[Input records Boundary: Start]

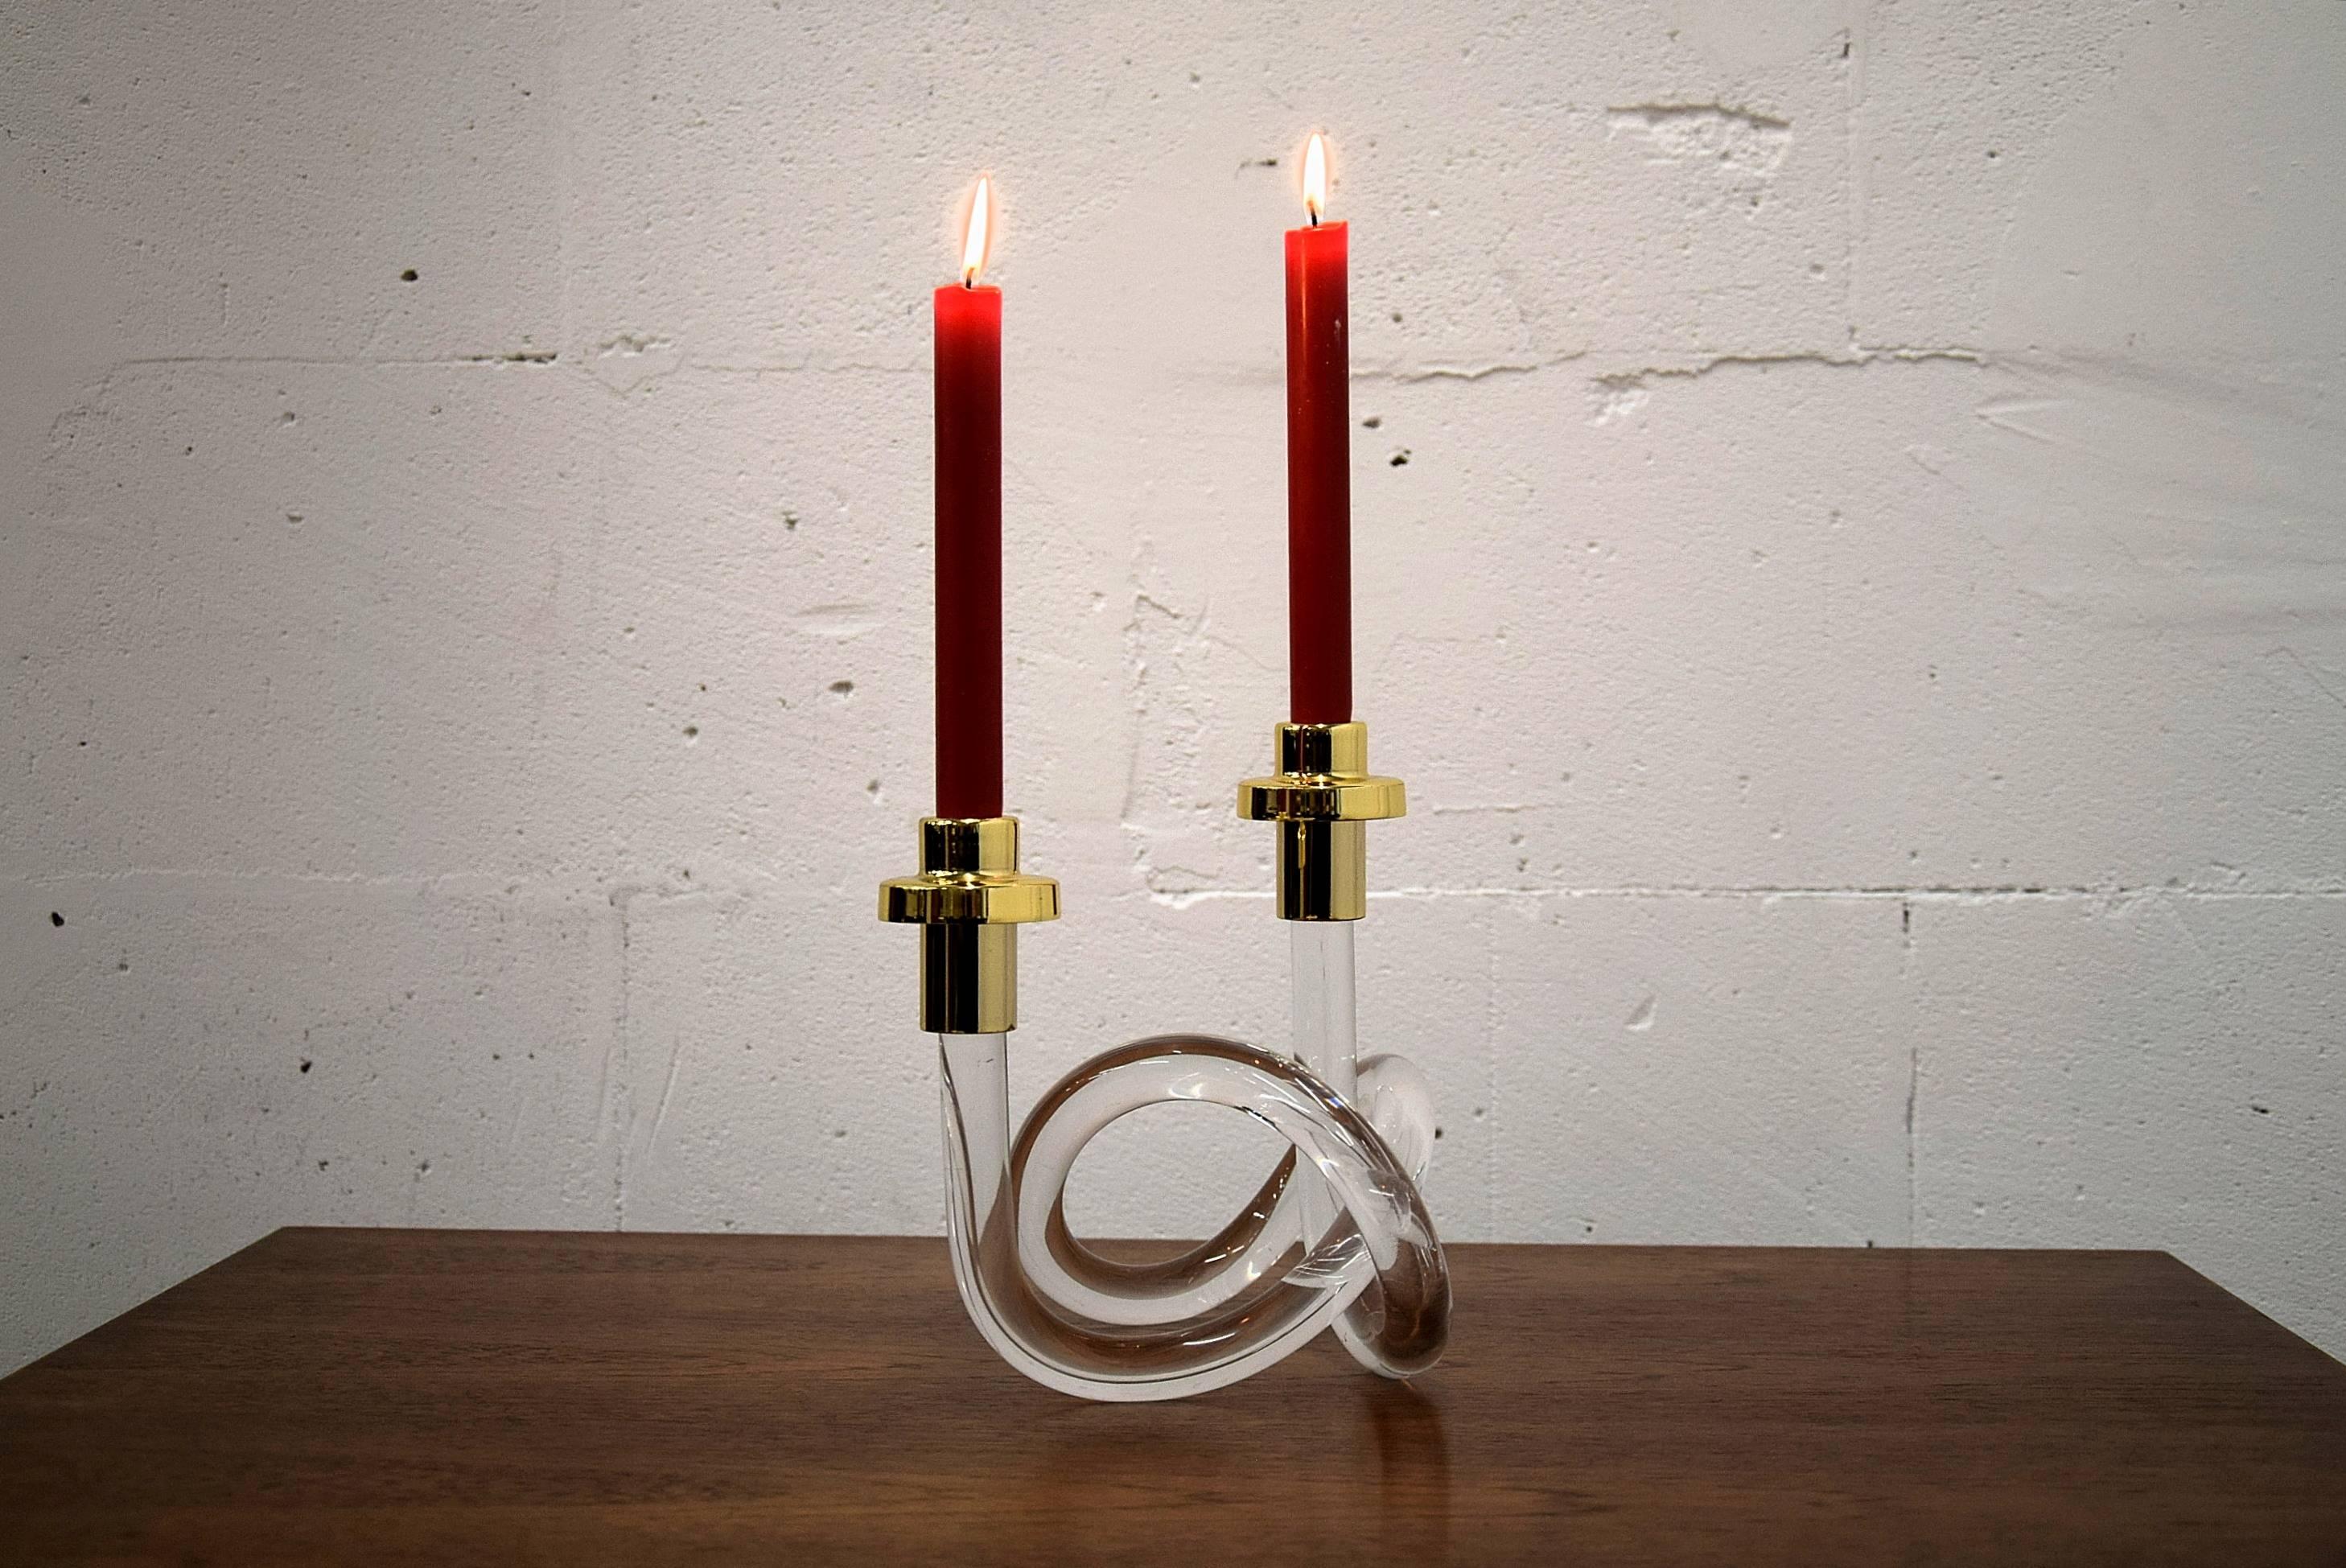 Double Lucite and gold Mid-Century candleholder by Dorothy Thorpe.

This elegant piece was created by Dorothy Thorpe in the early 1950s.

Measurements: H.23 x W.25 x D.25 cm.

Born in Salt Lake City in 1901, Dorothy Thorpe was a Mid-Century
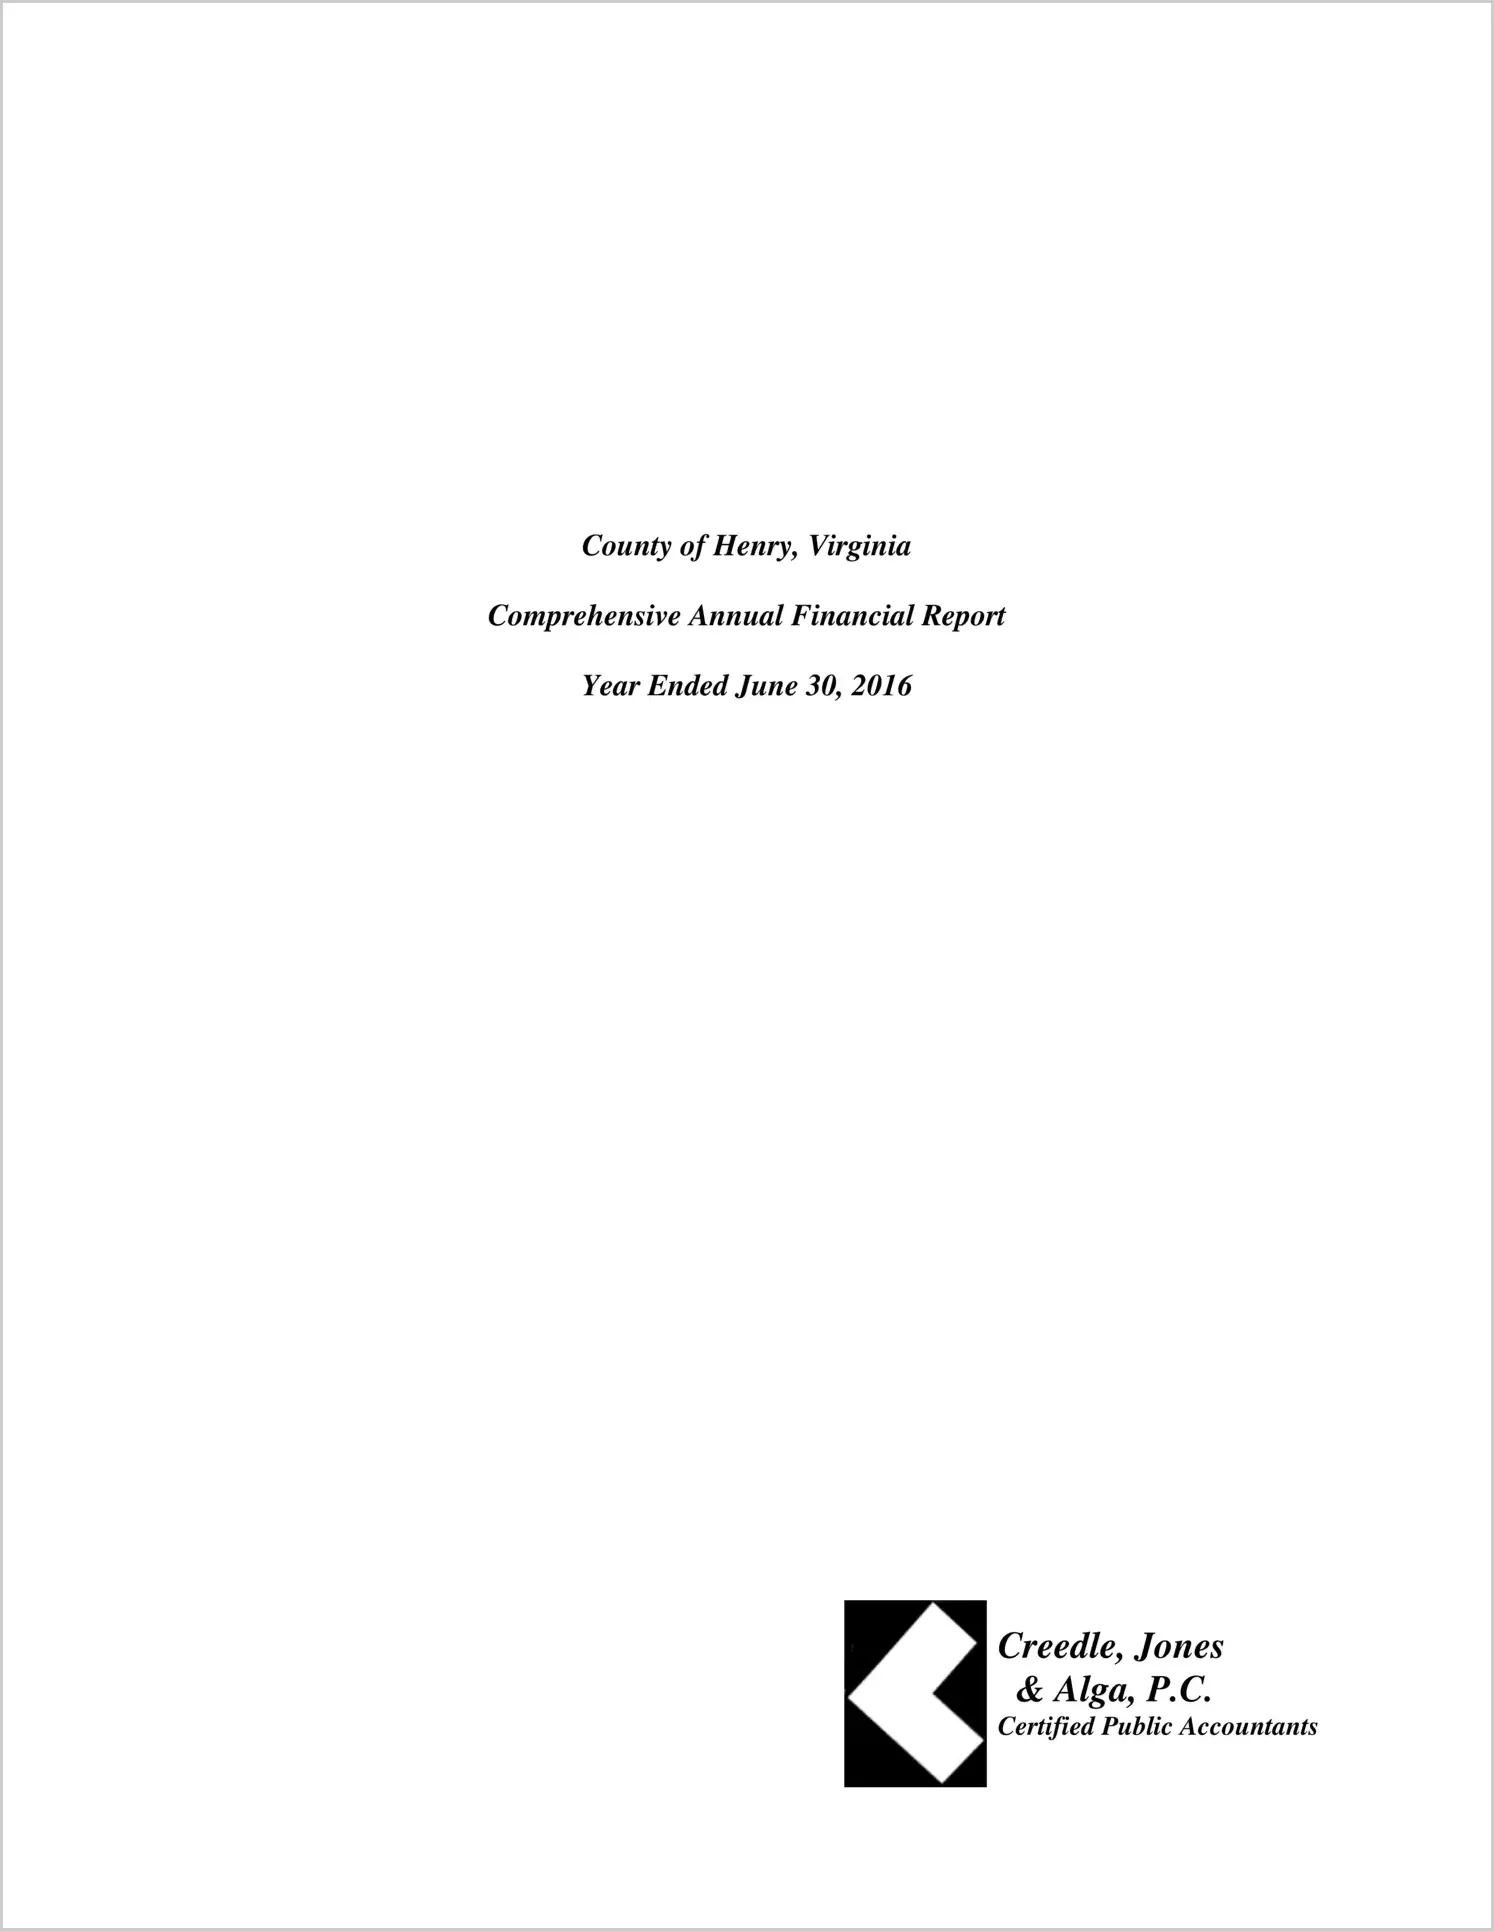 2016 Annual Financial Report for County of Henry

[Input records Boundary: End]

What you need to do
The lines from the one with "This elegant piece" to the end of the data above should be retyped exactly, both ends included, and pictures are to be left out.

Task answer
This elegant piece was created by Dorothy Thorpe in the early 1950s.

Measurements: H.23 x W.25 x D.25 cm.

Born in Salt Lake City in 1901, Dorothy Thorpe was a Mid-Century
 2016 Annual Financial Report for County of Henry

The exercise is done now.